If a recession hits, Moody’s Analytics expects those 183 significantly overvalued regional housing markets to decline by -15% to -20%.
I am waiting for this to happen.
…markets like Boise (overvalued by 72%), Charlotte (overvalued by 66%), and Austin (overvalued by 61%).
Nice try. Austin is not a zoom town. Boise is. If I am not wrong, their formula use median income of the city population. Many of the purchases made in the last two years are by incoming techies whose median income is much higher than the median income of the city population. Compute using techies’ median income, housing is not overvalued The issue is for zoom towns like Boise, with back to office (hybrid), these techies can’t stay in zoom towns.

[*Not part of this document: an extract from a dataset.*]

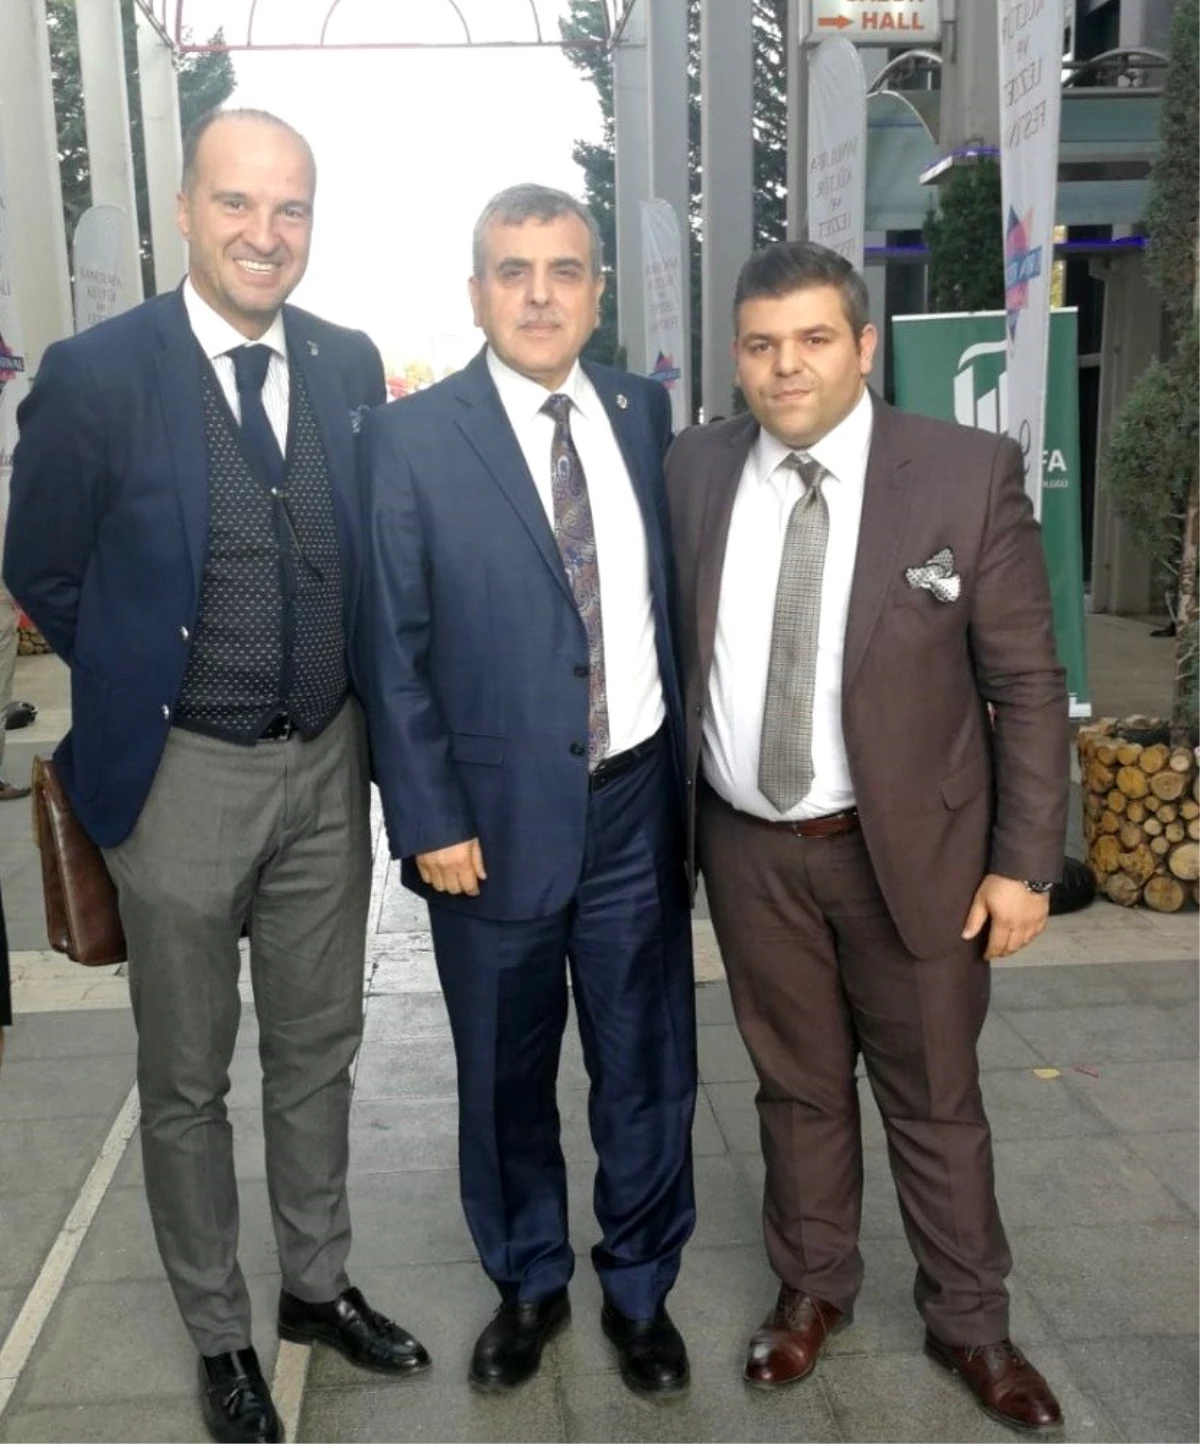 Turizm kültür elçisi Eryavuz, tanıtımın önemine dikkat çekti
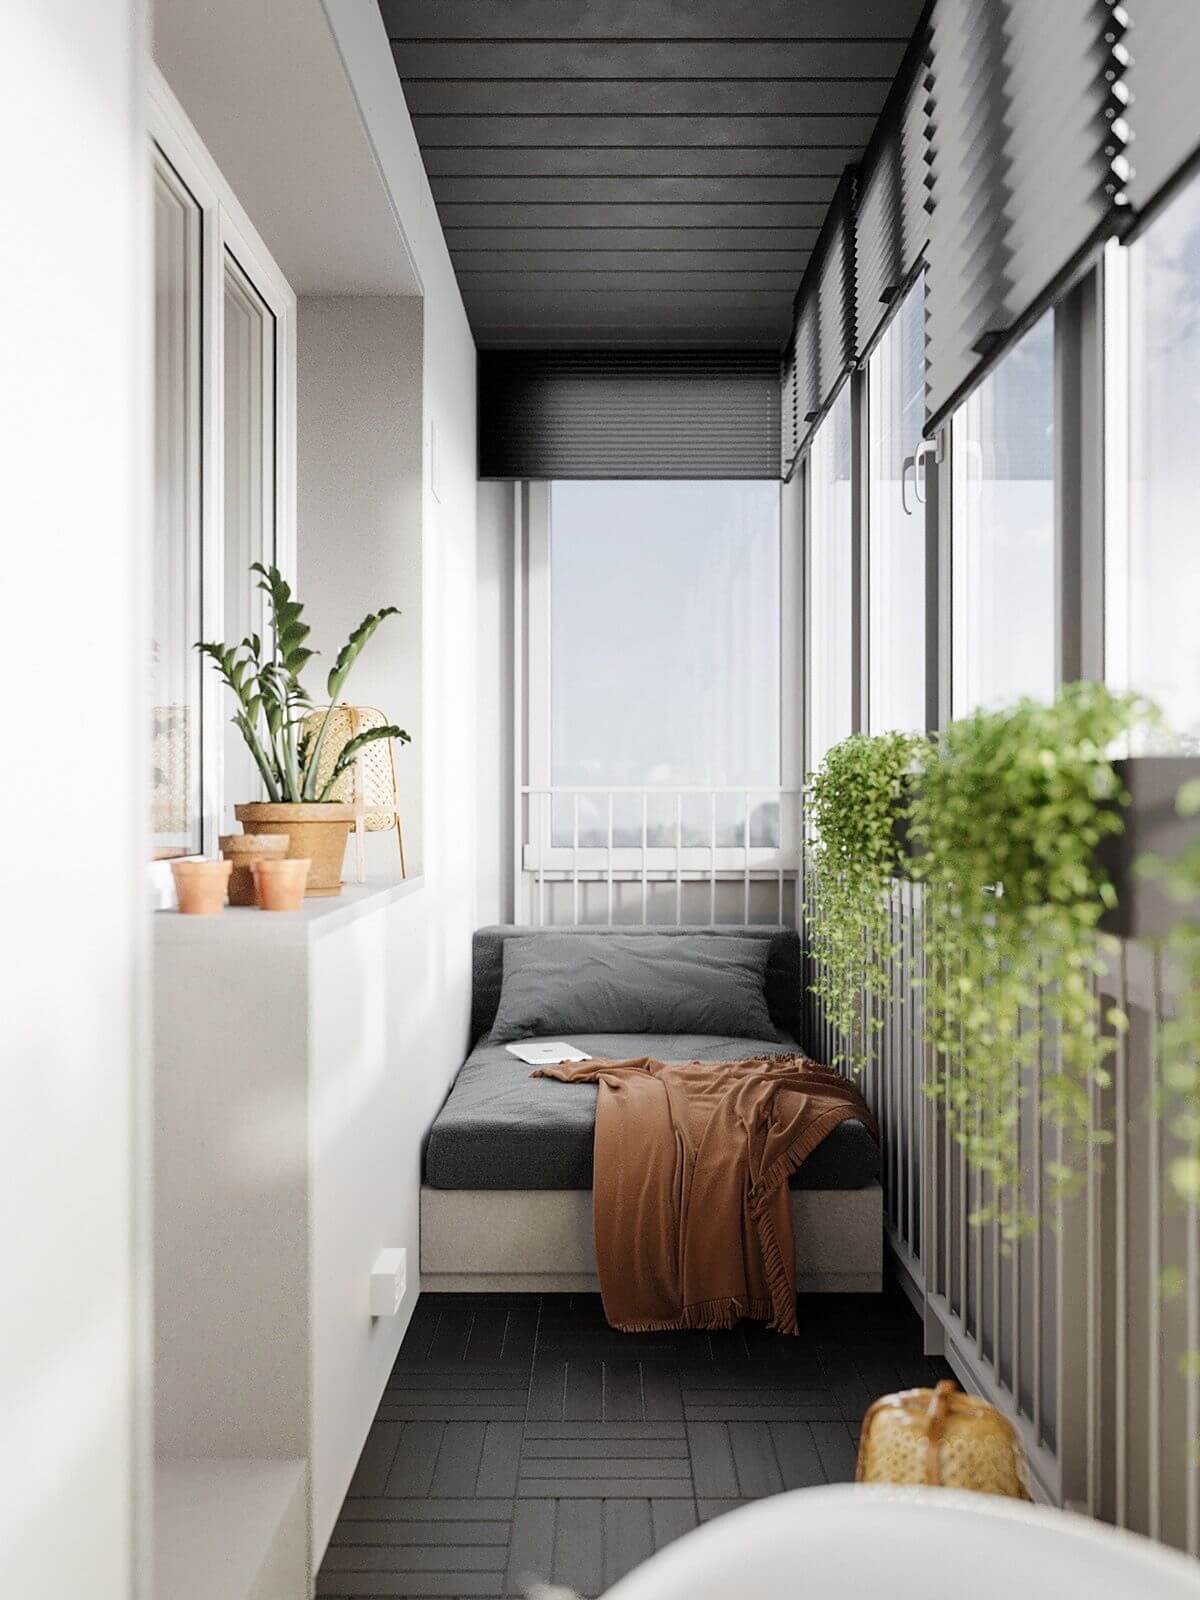 уникальный дизайн в стиле минимализм балкона

“It’s pretty straightforward: As long as mortgage rates remain elevated, housing transactions (i.e., home sales) will remain sluggish. Home prices are a different story. While homebuilders and investors might be more inclined to cut prices, average joe sellers will resist doing so. There’s an emotional element: Sellers don’t want to give up on the number in their head. Not to mention, a solid job market means sellers aren’t desperate. All of that seller hesitancy, coupled with uncertainty surrounding inflation and the broader economy, explains why so many forecasters remain split on the trajectory for home prices.”
I should start charging people who are copying what I said back in March.
Home prices fell for the first time in 3 years last month – and it was the biggest decline since 2011
Some local markets are seeing even steeper declines over the last few months. San Jose, California, saw the largest, with home prices now down 10% in recent months, followed by Seattle (-7.7%), San Francisco (-7.4%), San Diego (-5.6%), Los Angeles (-4.3%) and Denver (-4.2%).